Page:Charles De Coster - Légendes Flamandes.djvu/287

La bibliothèque libre.
Le texte de cette page a été corrigé et est conforme au fac-similé.
— 245 —

— « Adoncques, » dit-elle, « bois, mange et chauffe-toi. »

Cependant que Smetse mangeait et buvait, il narra à sa femme comment il n’avait pu entrer endéans le paradis, et son dessein qu’il avait d’emporter de la cave plein tonnelet de bruinbier et bouteilles de vin de France, pour en vendre à un chacun qui entrerait en la sainte Cité, en être bien payé, et de la monnaie reçue acheter meilleure nourriture.

— « Ceci, » dit-elle, « mon homme, est bien, mais Monsieur saint Pierre te baillera-t-il permission d’établir aux portes du paradis ladite taverne ? »

— « J’en ai, » dit-il, « l’espérance. »

Et Smetse, chargé de son tonnelet et muni de ses bouteilles, monta vers le bon paradis.

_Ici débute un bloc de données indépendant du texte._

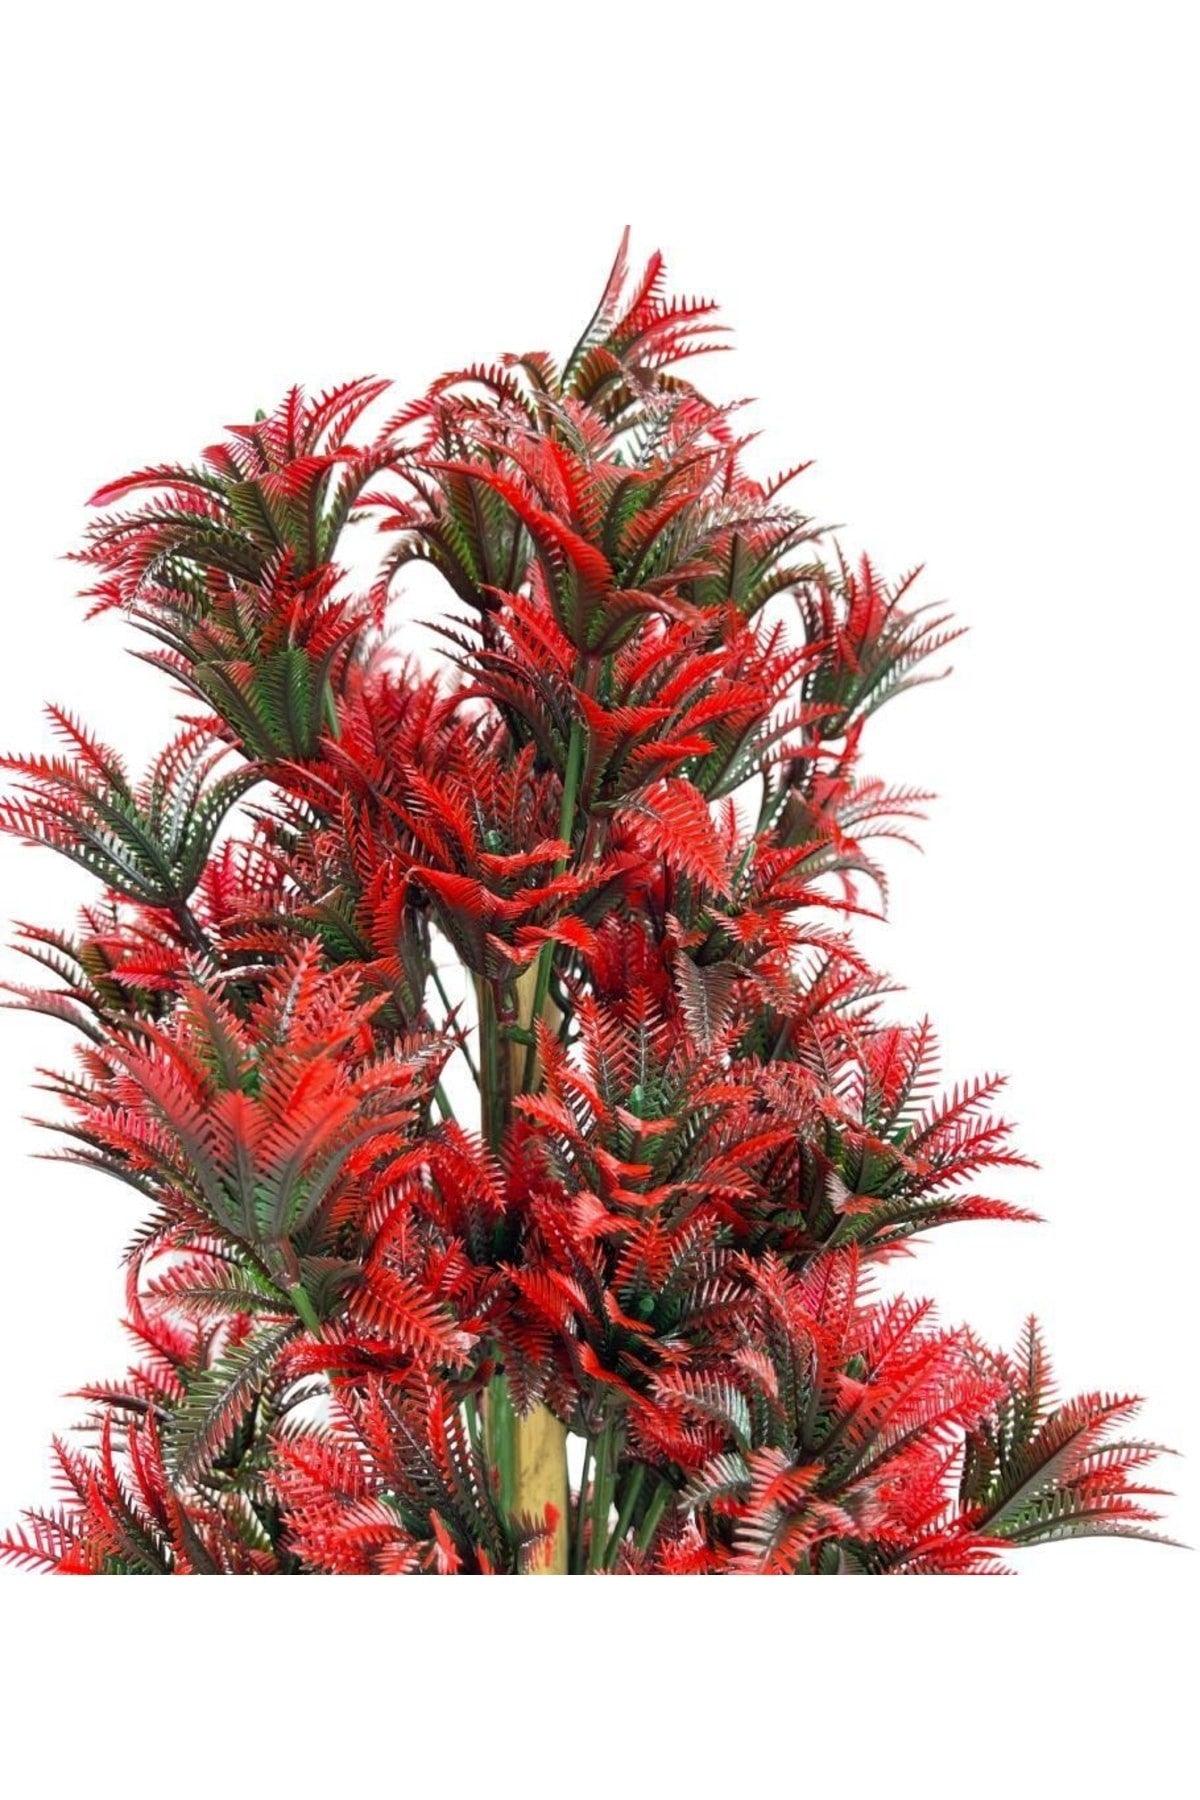 Artificial Flower Black Potted Red Jams Tree 55cm - Swordslife

Ayant pris pied lez le mur, il établit là sa taverne en plein vent, car l’air est bon en ce céleste endroit, et le premier jour un chacun qui entra but chez Smetse et le paya bien par compassion.

Mais plusieurs s’enivrèrent, et étant entrés ainsi, Monsieur saint Pierre s’enquit des causes de ce fait, et les ayant connues, il enjoignit à Smetse de cesser à vendre ses boissons, et il le fit fouetter bien amèrement.